Бабка смачно плюнула ему под ноги.
– Совсем сдурела! – возмутился Аслан и нырнул в подъезд. Бабка была явно не в себе, наверняка свою долю на лекарства нюхачам продала, вот и мается. В дольных посадах таких полно, особенно среди стариков.
Подъемник был где-то наверху, глазок его мигал, мол, ожидайте, но Аслан не стал ждать – побежал по лестнице, перемахивая через стесанные ступеньки.
Второй, третий, четвертый. Стены когда-то были белыми, но давно уже были обожжены подпалинами в углах, плотная вязь надписей начиналась от подъезда и кончалась, наверное, на самом верху. Угольно-черные днем и светящиеся мертвенно-зеленым в темноте, надписи вели летопись дома, рассказывали, кто с кем и когда, сообщали о непристойном поведении обитательниц дома и восхваляли мужественность обитателей.
Торжественные красно-золотые иероглифы «Благоденствие, единство, процветание» – следы ежегодного Дня Китая, общесоюзного праздника единения с братским народом, – были изгажены до неузнаваемости речевками «Россия – сила, Чина – могила!» и разными запрещенными значками.

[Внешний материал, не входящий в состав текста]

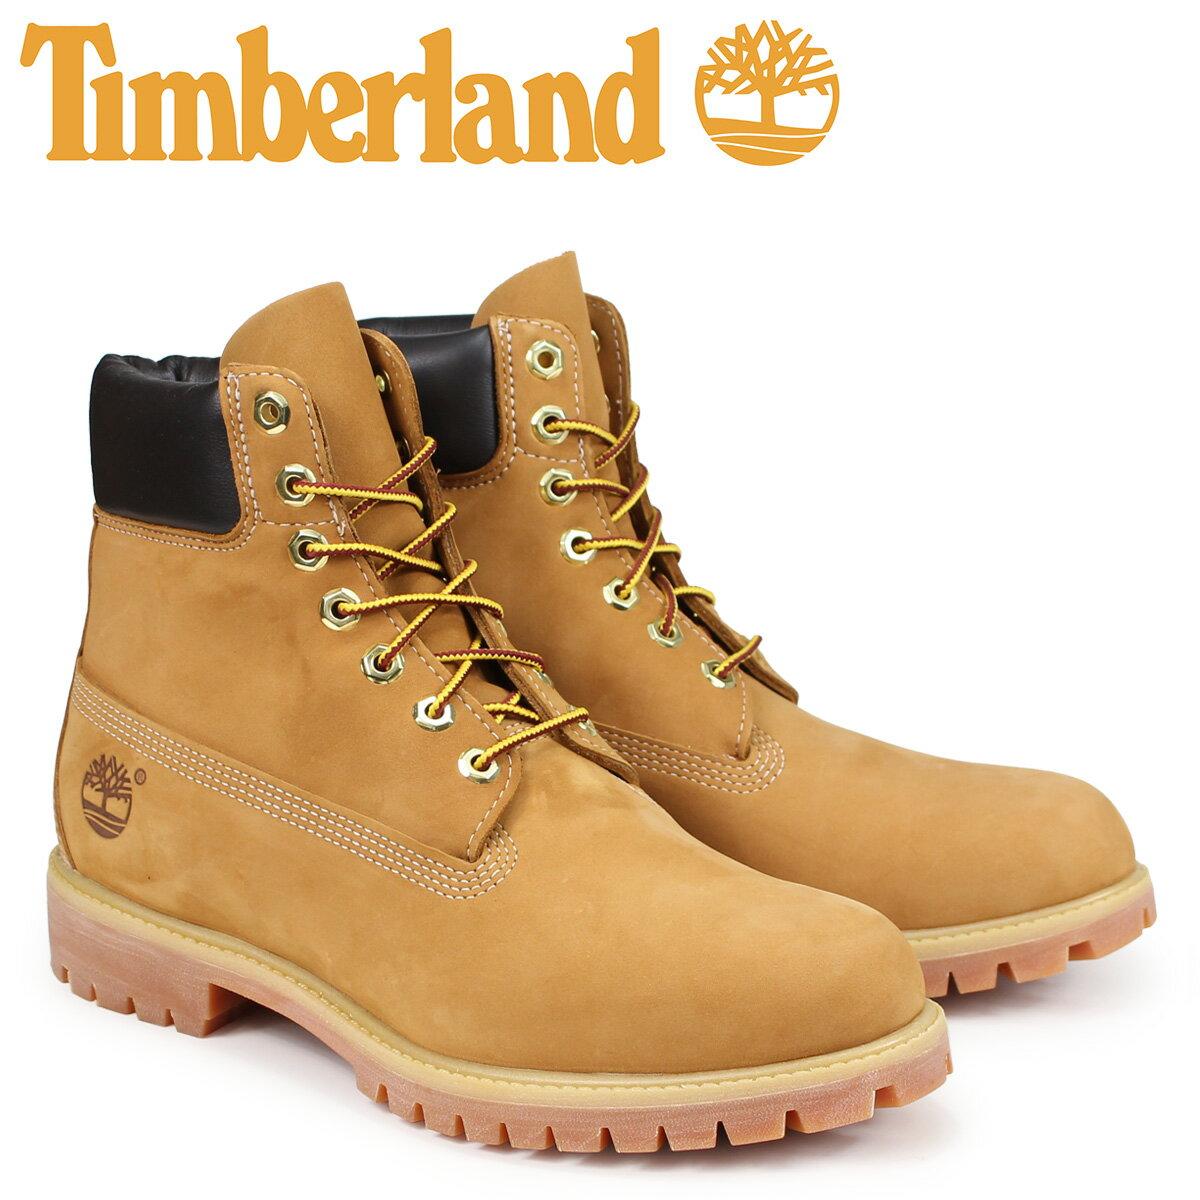 【最大2000円OFFクーポン】 Timberland MENS 6-INCH PREMIUM WATERPROOF BOOTS ティンバーランド ブーツ メンズ 6インチ イエロー 10061 [3/19 再入荷]

Вообще-то за это давали как минимум шесть месяцев, но Аслан сомневался, что местный участковый вообще сюда заглядывал. На последней лестничной клетке перед ее квартирой он остановился, разгоряченный. Уголек внутри разгорелся в светлое пламя. Юноша вытянул из кармана маркер и прямо по центру иероглифа двумя взмахами набросал волчью голову. Знак Особого приказа, сильный знак.
Вело его сегодня, разрывало, хотелось орать и бить ногами в стены, и еще немного, и он сорвется с катушек.
Он ударил по кнопке звонка.
Жанна открыла не сразу, вышла смурная, растрепанная, но сердце у Аслана екнуло, едва он увидел ее оленьи глаза, ее длинные ресницы.
– Ой… – девушка попятилась от букета – ирисы, лилии, какие-то папоротники и прочие дары полуденной стороны, больше похожие на птиц, случайно присевших на ветки, чем на цветы. – Аслан, ты чего…
– Мама дома? – спросил Аслан, придвигаясь.
– Нет, – растерянно сказала Жанка, – она к тете поехала, за орехами. Вечером только приедет.
– Орехи, – недоуменно повторил юноша. – Глупости какие говоришь, орехи какие-то…
– Ничего не глупости, – слабо возразила Жанка, зарывая лицо в букет. – У них в прошлом году такой урожай орехов был, девать было некуда. А ты вообще зачем пришел…
Уголек заворочался, обжег грудь. Аслан почти втолкнул ее в квартиру, в полумрак прихожей, освещенный слабым светом из коридора на кухню, захлопнул дверь.
Жанка молчала, прижимала букет к груди, ирисы белели в сумраке. Он шагнул к ней, принялся целовать лицо, глаза, шею, пальцы скользили по светлому шелку. Она была прохладным белым светом, она была июньским морем, принимающим его пламя полностью, без остатка, она так долго ждала его и вот он пришел.
* * *
По стенам ползали тени: вот дракон летел, летел и никак не мог нагнать крылатого пса с горящими глазами, а следом девушка с распущенными волосами, и танцующий ангел, распахнувший крылья, и загадочный человек с тростью.
Аслан подталкивал его пальцем, светильник кружился, кружился, дракон летел и ангел танцевал.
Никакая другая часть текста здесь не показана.